The Feldenkrais Method® is a remarkable approach to human movement, learning and change, based on sound principles of physics, neurology and physiology, and the conditions under which the nervous system learns best. Feldenkrais is recognized for the strategies it employs to improve posture, flexibility, coordination, athletic and artistic ability, and to help those with restricted movement, chronic pain and tension.
Breast Cancer surgery and treatments can have negative effects on the body that can be alleviated by proper exercise and stretches. This class was designed specifically for the breast cancer women presently in treatment, post-surgery, and beyond. The class will include a 30 minute Walk 15 routine based on Leslie Sansone’s Walk at Home program, exercises intended to keep the lymphatic fluid moving to decrease the risk of lymphedema, stretches and strength moves aimed to improve range of motion in the shoulders, to relax tightness in the chest, and to strengthen the back muscles. This class will guide you back to activities you enjoyed prior to diagnosis as well as improve your quality of life for everyday living.
Think yoga is only for people who can contort themselves like a pretzel? Worried that you’re not in “good enough” shape for yoga? This class is for you! And it’s also for anyone, regardless of fitness or health, who wants to achieve the benefits of practicing yoga regularly. Gentle yoga incorporates physical poses and breathing techniques to increase strength, flexibility, and well-being. Research in breast cancer patients has shown that yoga may be able to reduce fatigue and improve quality of sleep, physical vitality, and overall quality of life. This class will help you maintain a sense of wellbeing during difficult times of diagnosis, treatment and recovery, giving you a sense of being grounded in your healing journey.

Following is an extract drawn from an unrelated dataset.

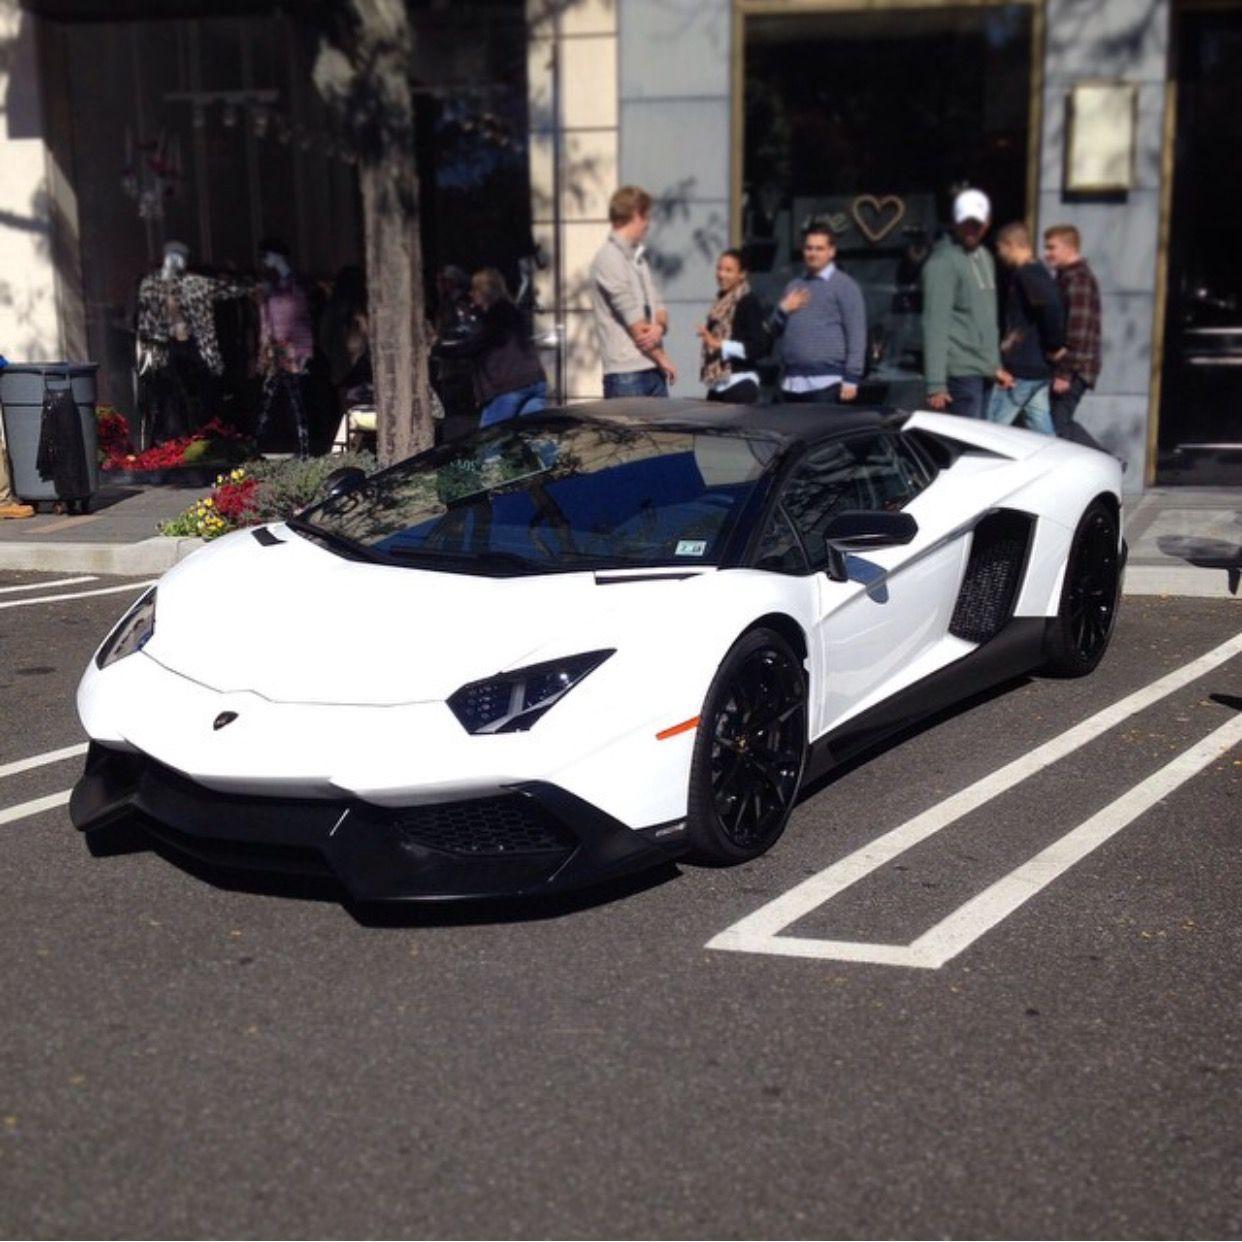 Lamborghini 50° Anniversario Edition Aventador Roadster painted in on tyga gold audi, tyga lamborghini crash, tyga and chris brown lamborghini aventador, tyga crashes his lamborghini,

Inspired by Bollywood dance movements, this class is a fun, medium to high intensity hour of easy-to-follow steps, choreographed to upbeat Bollywood music and international pop tunes. Feel the rhythm of the music, the energy of the movement and the results of an excellent workout. Share the joy new BCRC instructor, Garima Bhatia projects through her expressive eyes and smile. You won’t be able to help but smile yourself.

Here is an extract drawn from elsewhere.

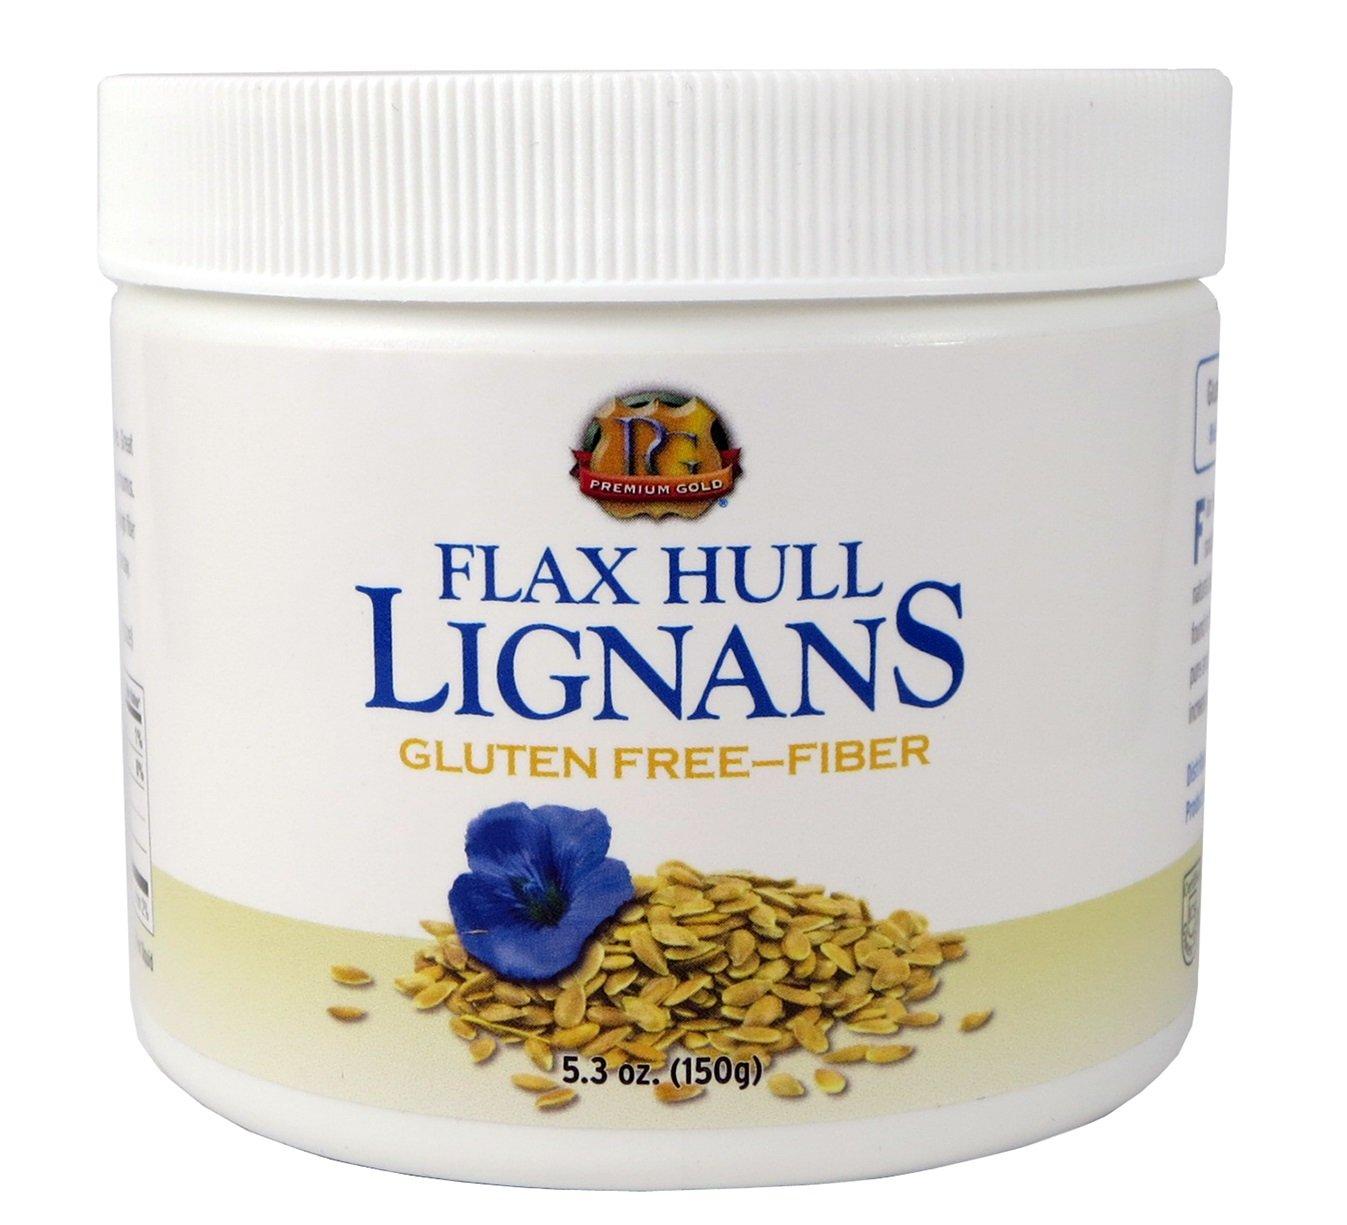 Premium Gold Lignans | High Fiber Food | Omega 3 | 5.3oz 2pk

This intermediate class is about relaxation, alignment, and getting what you need by taking time to pause and enjoy the balance each posture has to offer. While you’re feet are firmly rooted in the earth, you will allow your spirit to soar upward. While you draw energy into your core, you can reach outward through your arms and legs. You get to expand and unfold while using a strong steady breath to stabilize yourself. Each time you breathe in, you quiet your mind, each time you exhale, you release. Let this yoga practice be a time for you to build the strength and stamina that will guide you through every wave and each challenge life has to offer.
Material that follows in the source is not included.